With everything we created for our expedition truck we asked ourselves:
- What is the minimal space it requires to use it effortlessly?
- Can we make it multifunctional?
- Is it overland-proof?
- How will it look in combination with the rest?
This was no different when designing the shower. We realized quickly that the amount of space it would take up was an issue, especially since we only use it a few minutes* a day.
* A strange thing happens when traveling overland. You become very conscious about your water usage. In a regular western home, you open a faucet and water flows. Most of us don’t even think about it; it feels like there is an unlimited resource of water. There is no real incentive, aside from the water bill and environmental concerns maybe, to treat water as something precious. This all changes when living inside an overland vehicle. You are directly responsible for filling up the water tanks – best before running out of it. And as a result, you quickly learn what a navy shower is all about.
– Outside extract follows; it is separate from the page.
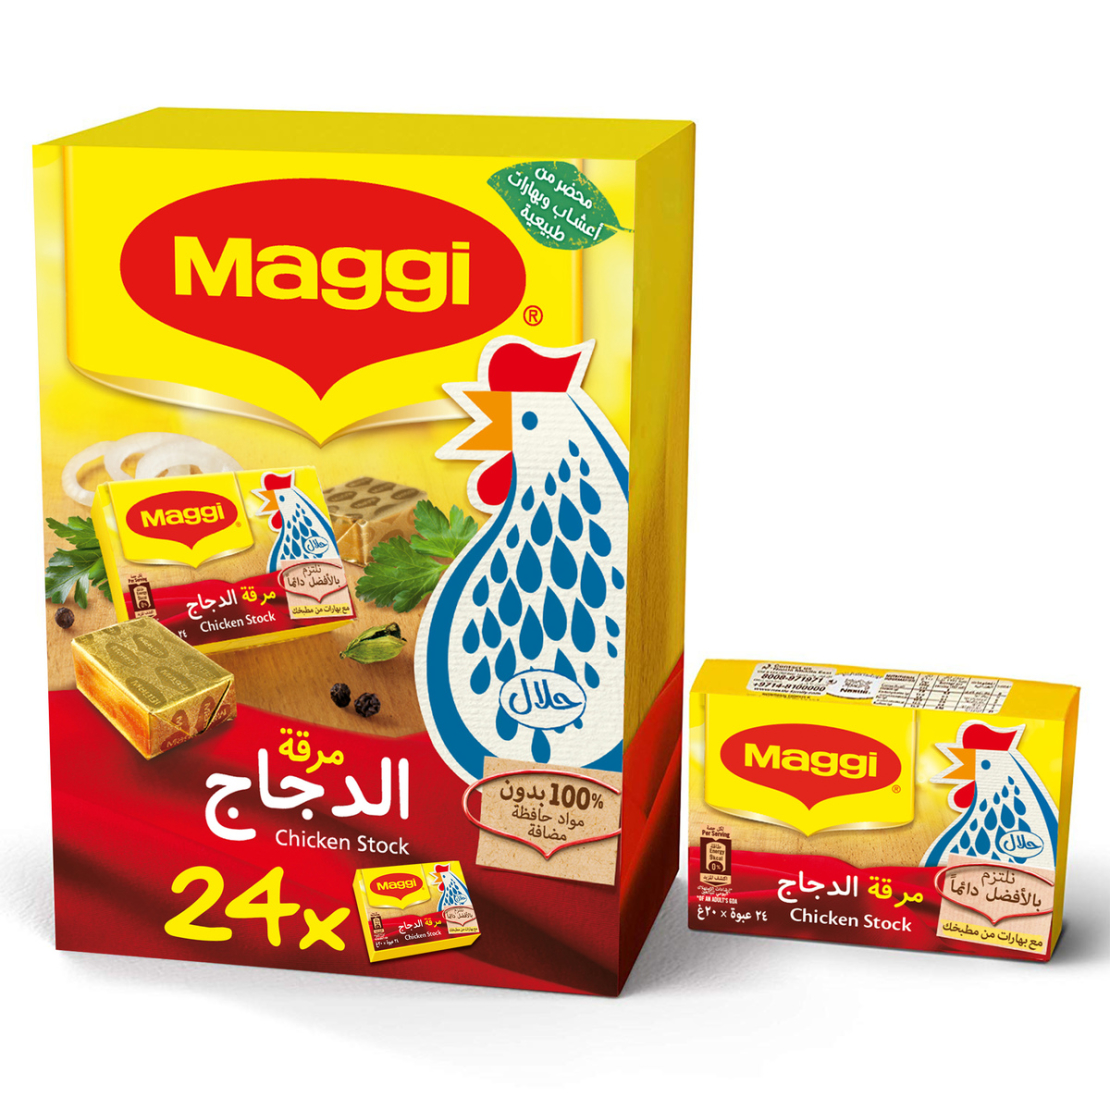 Maggi - Chicken stock box 24 pcs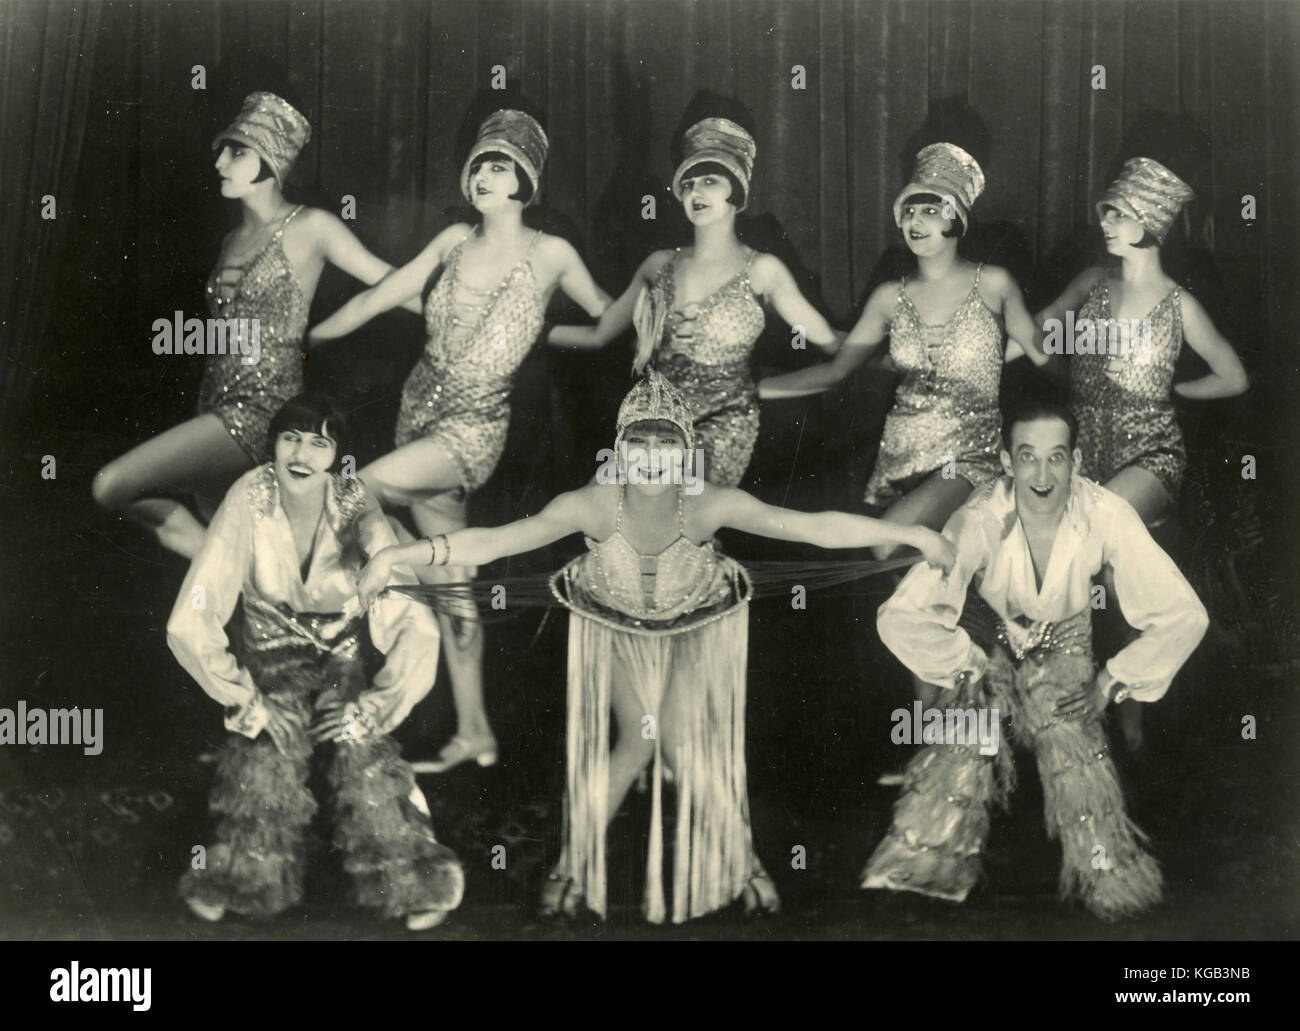 1930s Dance Costume | estudioespositoymiguel.com.ar

So we quickly focused on turning that empty space into something multifunctional. Our first idea was to put a slide-out closet into the shower. However, this was difficult to accomplish in our layout. Then the idea of a foldaway shower came to life. This would give us more room to walk around inside our expedition truck and more importantly it would also make our tiny house visually larger. In addition, even when folded away (when it is not in use) we maintain enough space behind the doors to hang up wet towels or jackets (and the fan is installed in such a way that it can still suck out the humid air).
–> See part 1 to find out how we constructed the shower pan.
The shower walls
(click the images to see them full-size).
180º turning shower doors
To make this idea reality we needed to find 180° turning hinges for the doors. This turned out to be a huge problem. We almost gave up. “Should we install a regular fixed bathroom instead?” When visualizing this with large cardboard boxes, we knew immediately that would be a big mistake. It completely cramped up the living unit and blocked a lot of natural light.
There was no turning back. The bed, the cabinets, kitchen, … were all custom-made and installed; there was no other place left in our expedition camper where we could install the shower. We had to move forward with our foldaway shower idea.
Eventually, we purchased 2 brand new glass shower doors. The doors itself were not the right size or overland-proof, but we hoped we could reclaim the 180° turning hinges. We smashed the glass and replaced them by Alu-Dibond panels. And voila, we had our shower doors.